Even so, the IDF’s ongoing engagement in regional conflicts, along with expansionist Israeli government rhetoric, could further worsen settler-driven violence. From 1 March to 23 March, at least seven Palestinians were shot and killed by settlers. Following one of the shootings, another Palestinian died after inhaling tear gas fired by the IDF. This marks the highest number of fatalities during settler incidents in a month , reached only once before, in October 2023 
We should denounce the Israeli occupation and the ongoing colonization of Palestinian land, as well as the genocide in Gaza and all forms of collective punishment imposed on the Palestinian peoplem while strongly condemnng imperialist interventions, foreign military presence, and the expansion of war across the region, alongside the use of sanctions and embargoes as tools of domination and control.   
We must reaffirm that peace cannot be built through militarization, occupation, or imperialist intervention.  Peace can only emerge from the struggles of peoples and from self-determination. Despite Israel's genocide and apartheid, Palestinians will never give up their  refugees' right to return to their  ancestral lands. 
Land Day is a reminder of the Palestinians’ struggle against Israel’s apartheid and the cost of the persistence of impunity for violations by Israel. Palestinians are entitled to live on their lands, without discrimination, oppression and  uprooting. 
The 1976 Land Day strike  inspired the following powerful poem by Tawfiq Zayyad, Palestinian poet, writer, scholar and politician, that continues to resonate across the Palestinian generations. 

Here we will stay - Tawfiq Zayyad ( 7/5/ 29 - 5/7/ 94)  

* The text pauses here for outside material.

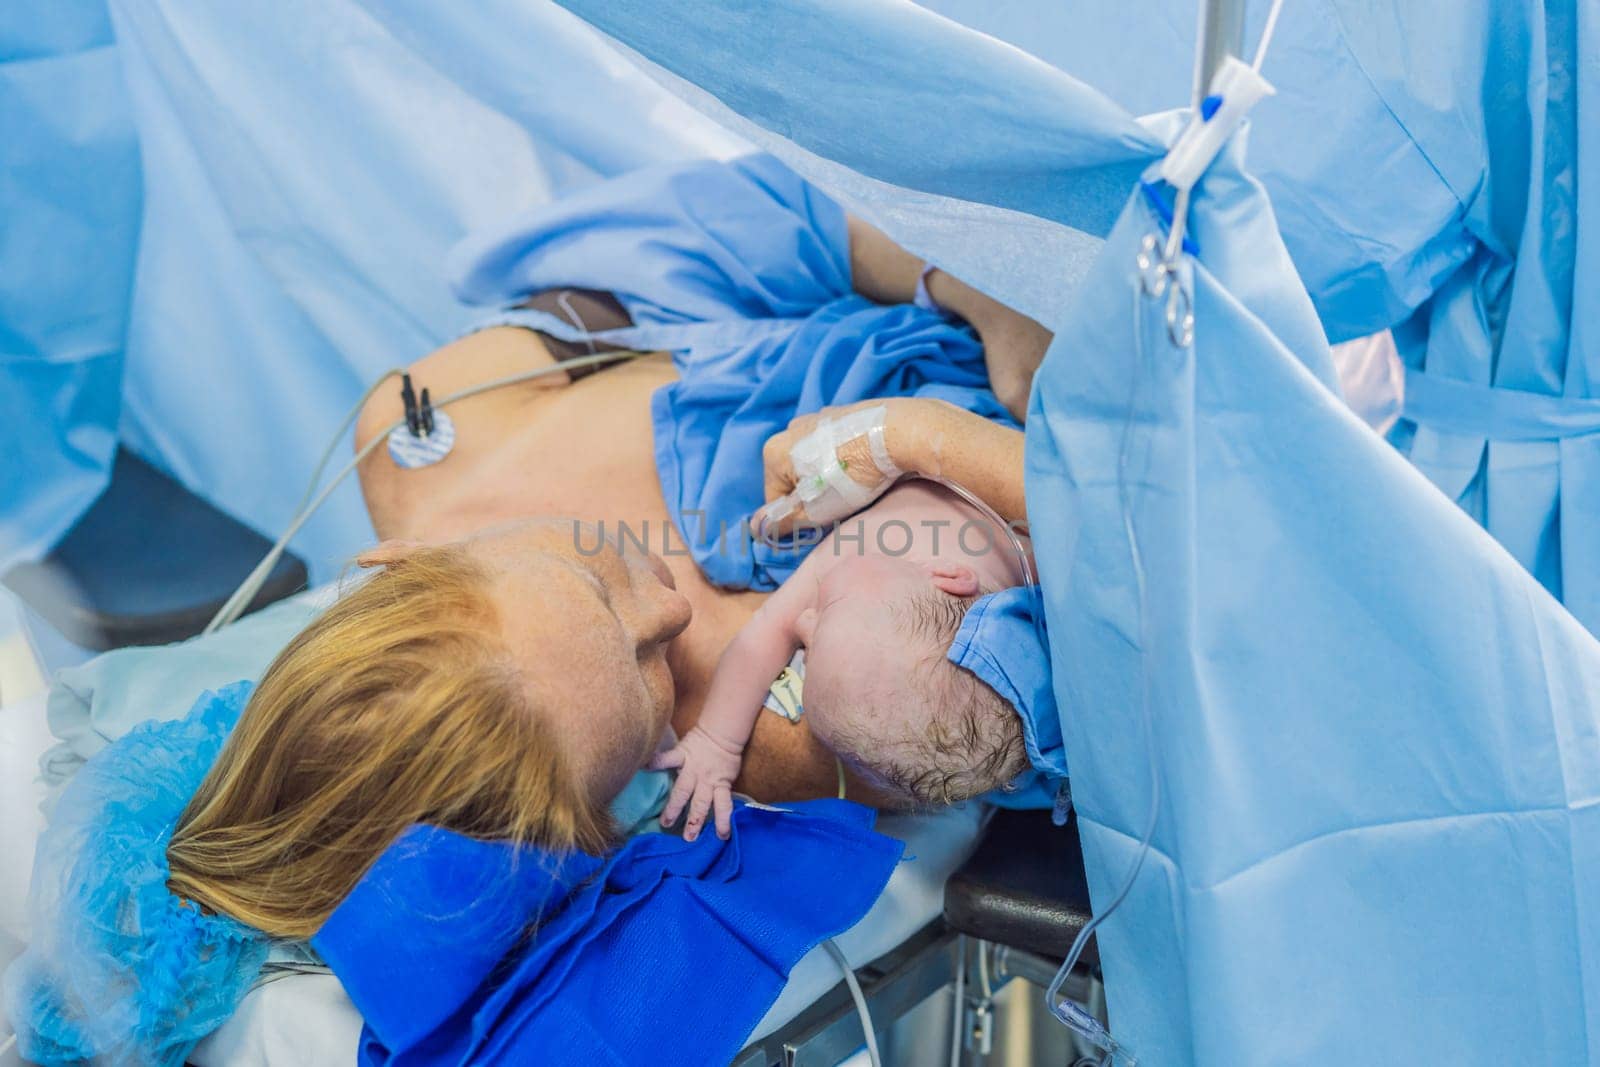 Baby on mother's chest immediately after birth in a hospital. The mother and newborn share a tender moment, emphasizing the bond and emotional connection. The medical staff ensures a safe and caring environment.

In Lidda, in Ramla, in the Galilee, 
we shall remain like a wall upon your chest, 
and in your throat like a shrad of glass, 
a cactus thron, 
and in your eyes
a sandstorm. 
We shall remain
a wall upon your chest, 
clean dishes in your restaurants,
serve drinks in your bars, 
sweep the floors of your kitchens 
to snatch a bite for our children 
from your blue fangs. 
Here we shall stay,
sing our songs, 
take to the angry streets, 
fill prisons with dignity. 
In Lidda, in Ramla, in the galilee, 
we shall remain, guard the shade of the fig 
and olive trees, 
ferment rebellion in our children 
as yeast in the dough.


Today, on Land Day, the soil of Palestine speaks. It remembers every footprint, every olive tree, every life rooted in its memory. Today, we remember that land is not a commodity; it is life itself.
The international community must go beyond solidarity and  demand an end to the occupation and defend the self-determination of the Palestinian people, as recognized by the International Court of Justice and the United Nations General Assembly,  and   to  demand our  governments ends its complicity in Israel’s settler-colonialism and apartheid,  and to  stop arming Israel, and ban all trade with illegal Israeli settlements on stolen land. 
Gaza and the West Bank, including East Jerusalem, must be reunified under the Palestinian Authority. Failing this would mean that a future Palestinian state becomes an illusion. From  the river to the sea, Palestine will be free!